Source information |
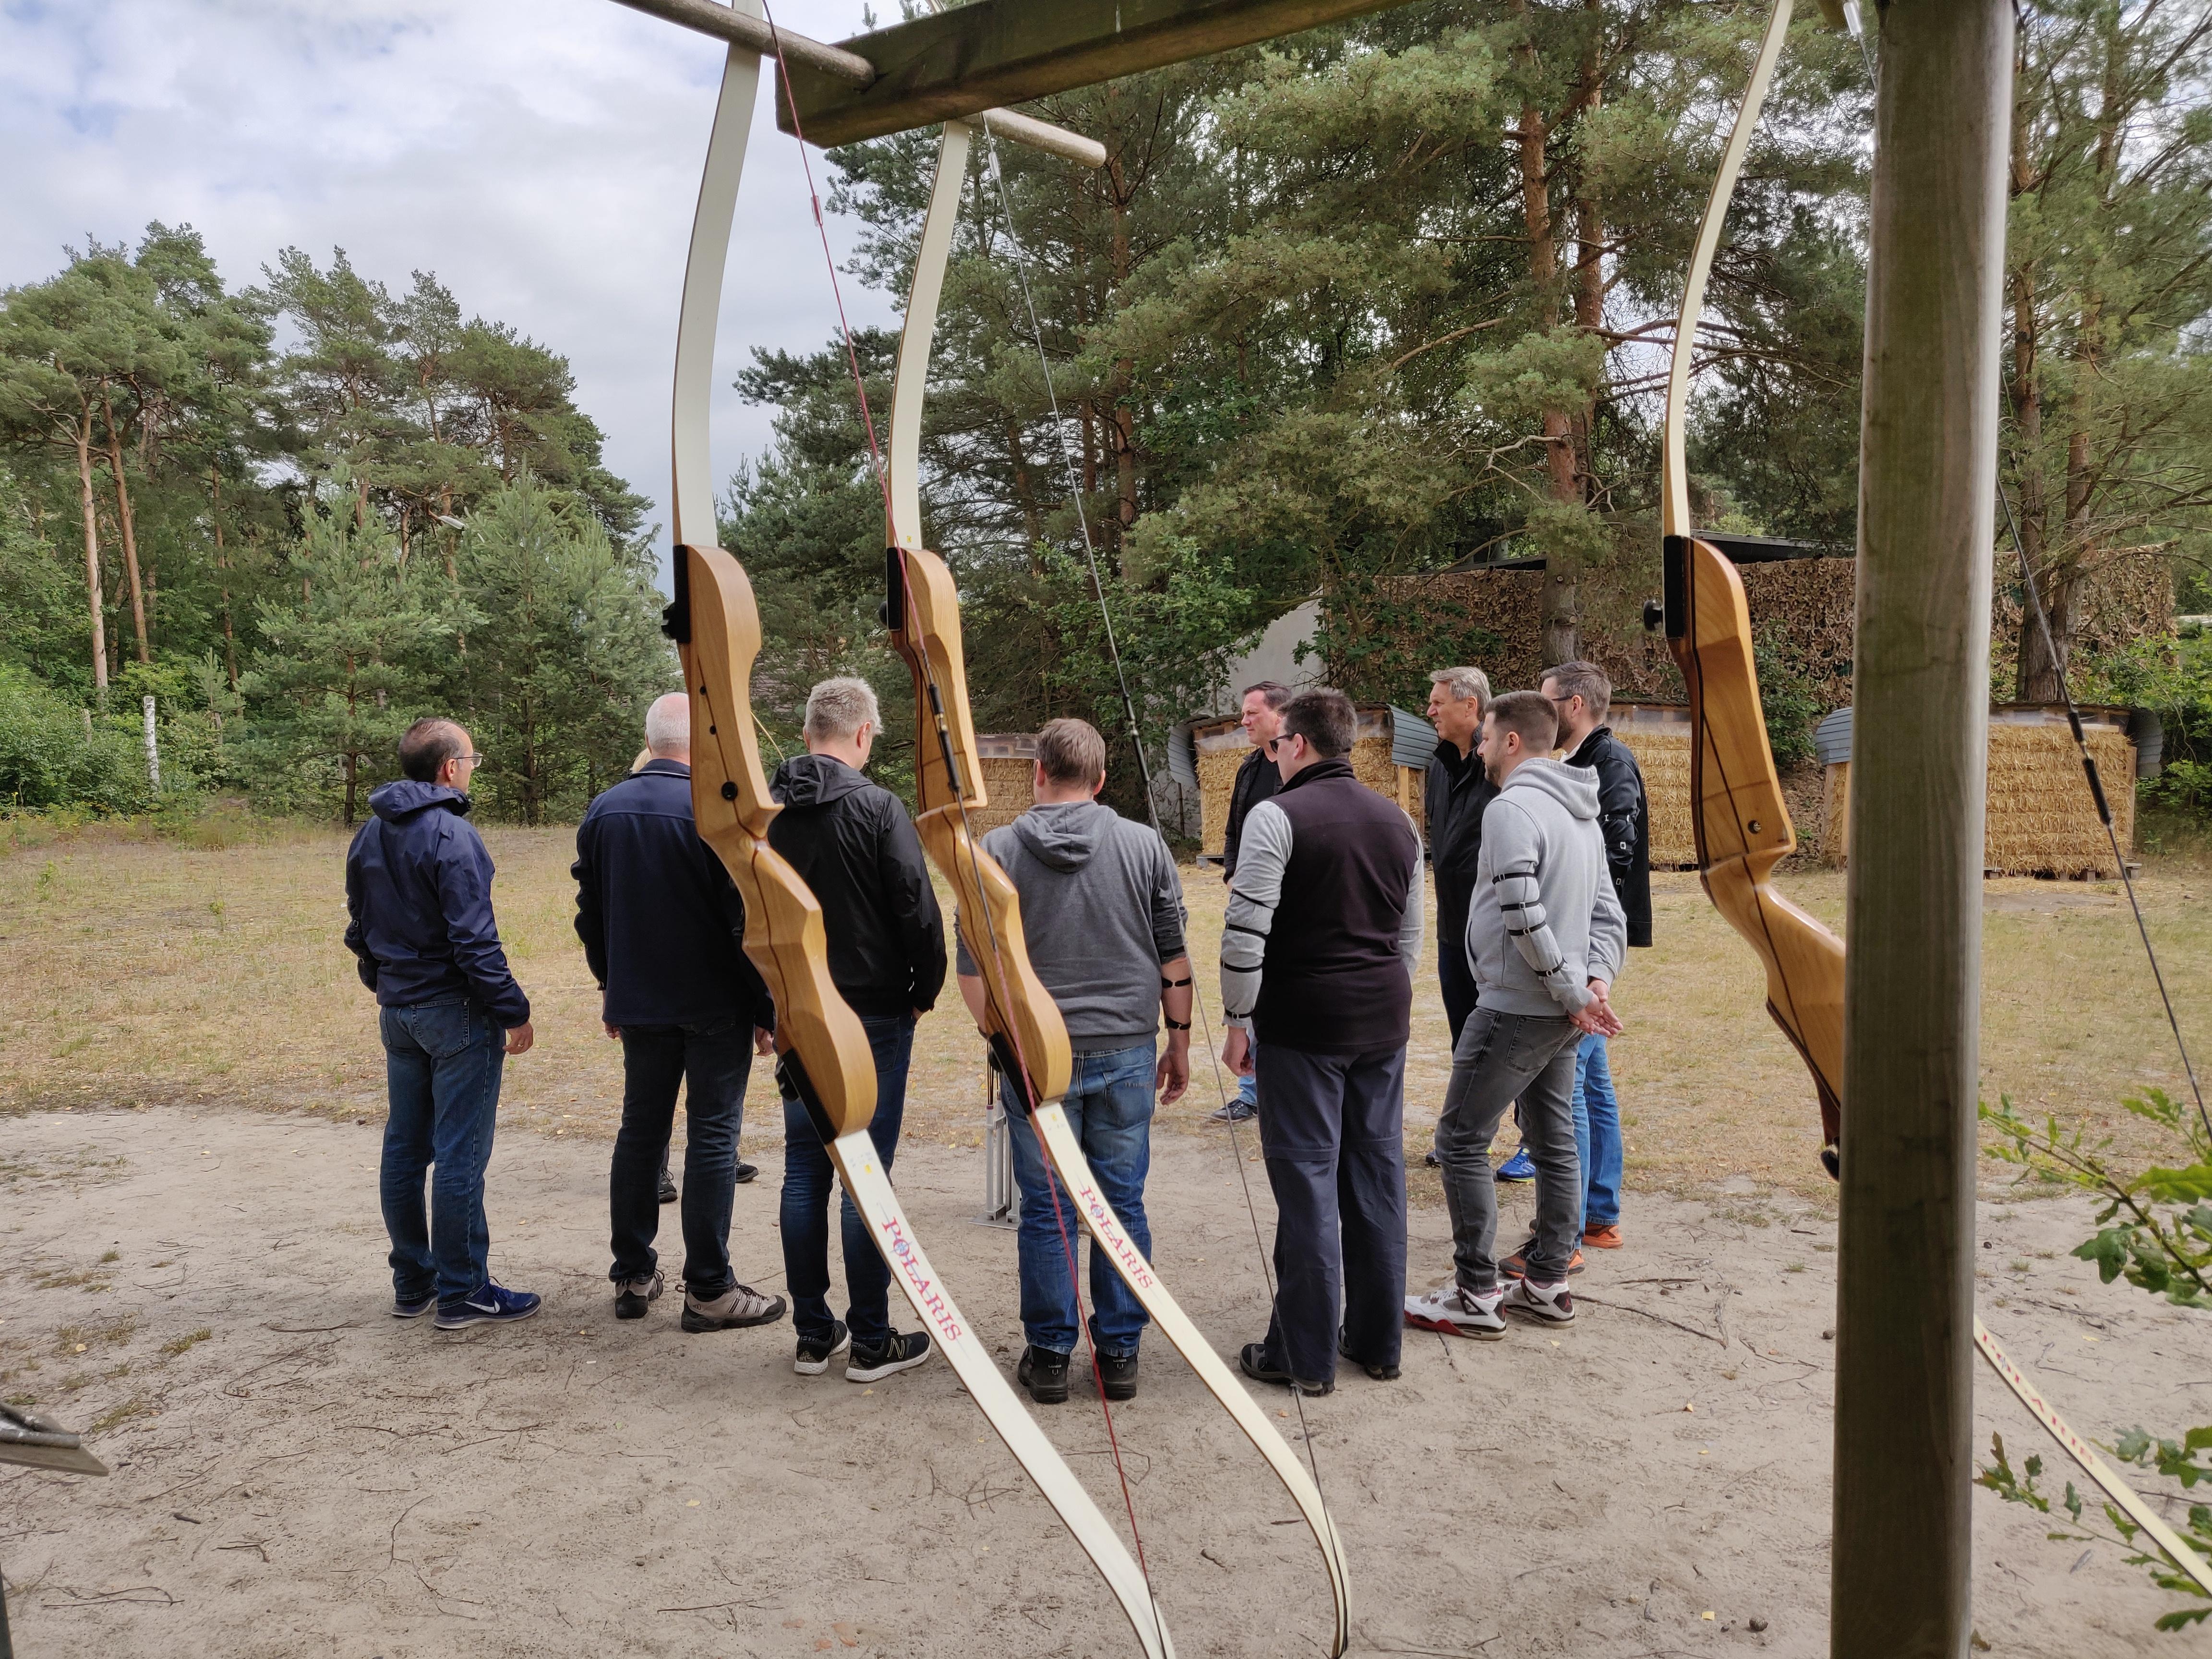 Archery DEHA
* * *
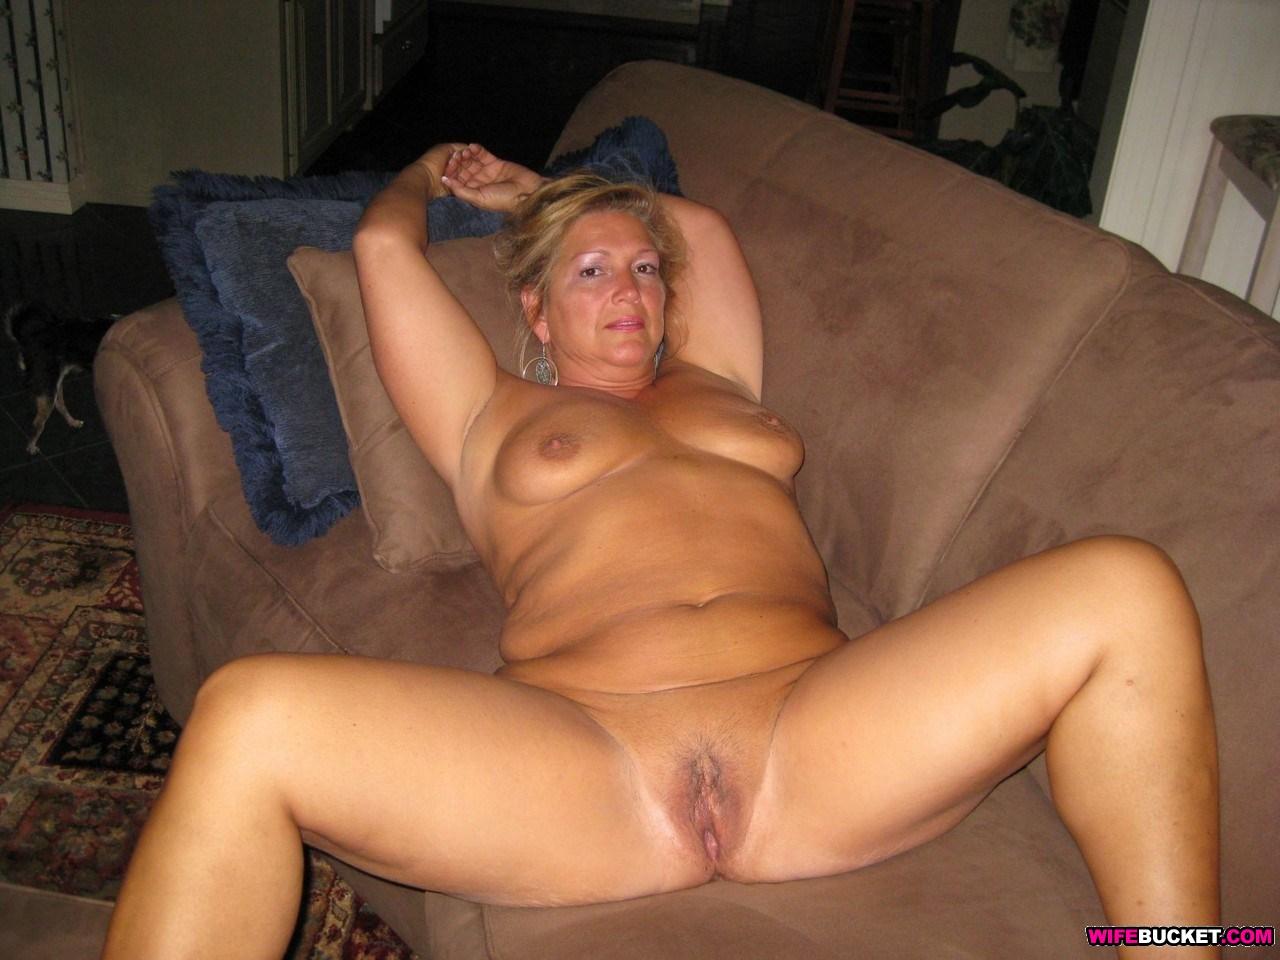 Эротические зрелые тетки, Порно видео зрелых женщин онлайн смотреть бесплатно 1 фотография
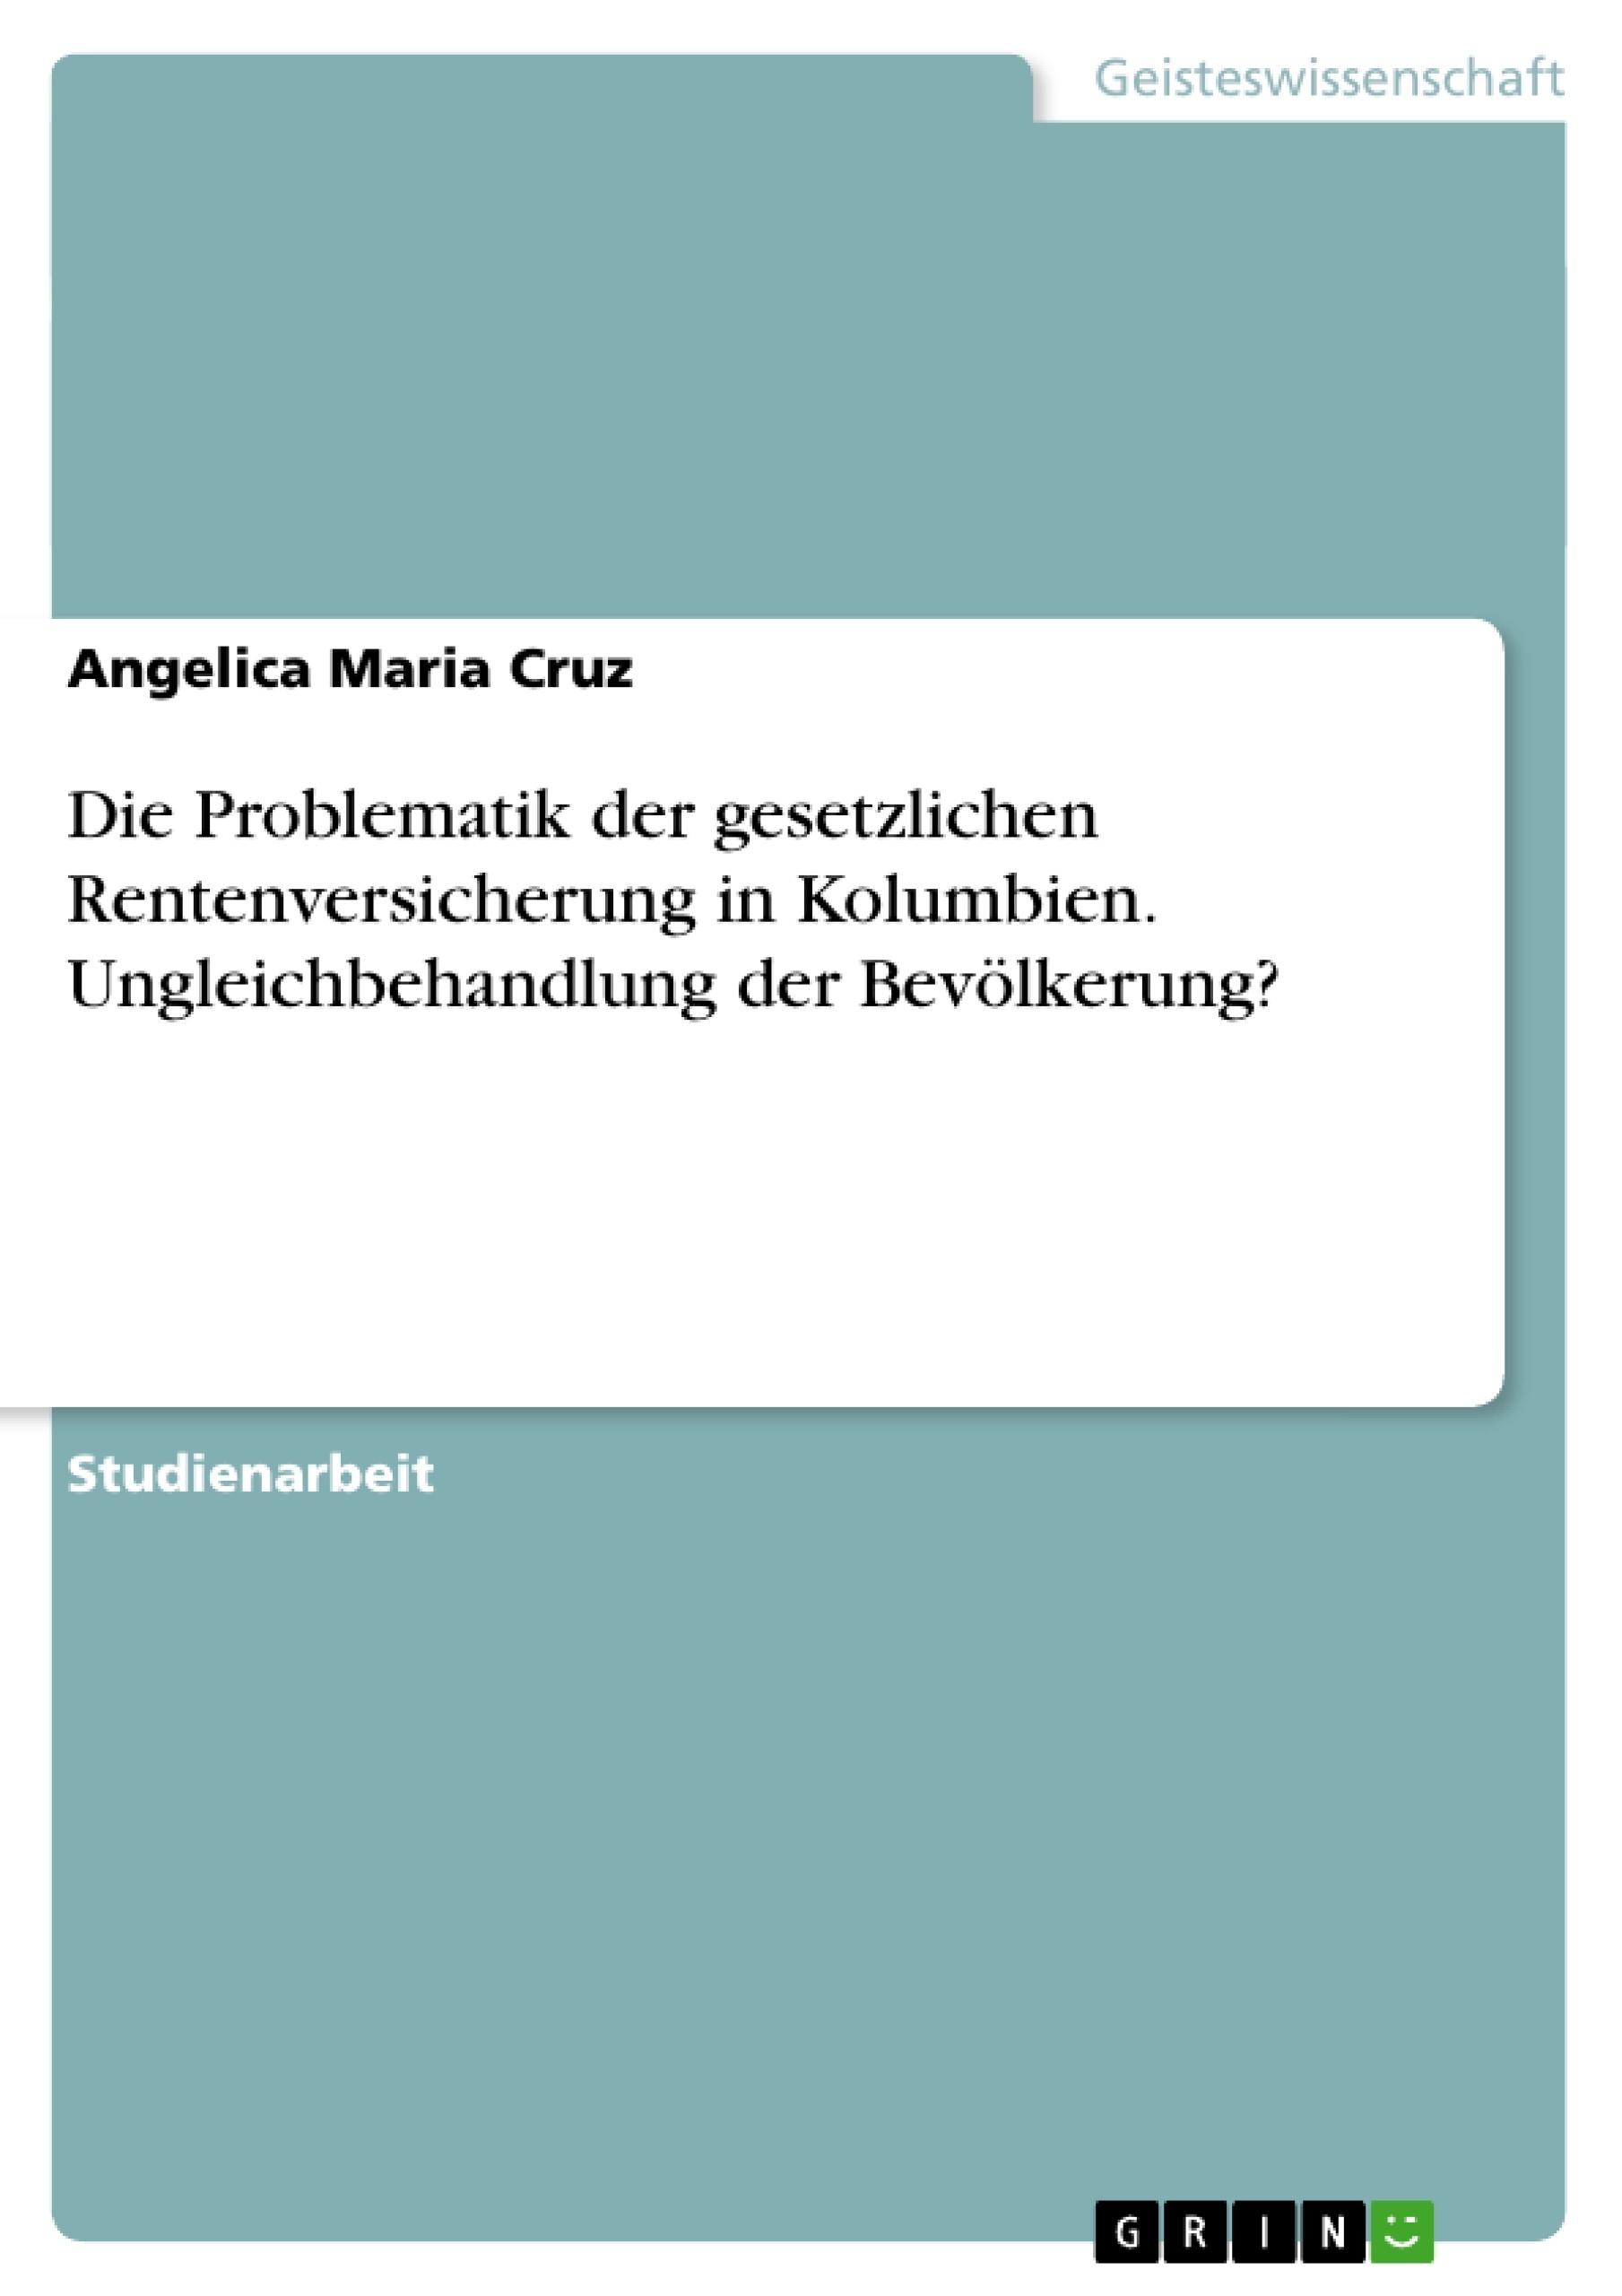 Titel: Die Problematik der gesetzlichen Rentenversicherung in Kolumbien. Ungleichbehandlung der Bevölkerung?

Directions for this task |
Take the material above from the line containing "Эротические зрелые тетки, Порно" up to and including the line containing "Titel: Die Problematik" and retype it exactly, without any pictures.

Result for this task |
 Эротические зрелые тетки, Порно видео зрелых женщин онлайн смотреть бесплатно 1 фотография
 Titel: Die Problematik der gesetzlichen Rentenversicherung in Kolumbien. Ungleichbehandlung der Bevölkerung?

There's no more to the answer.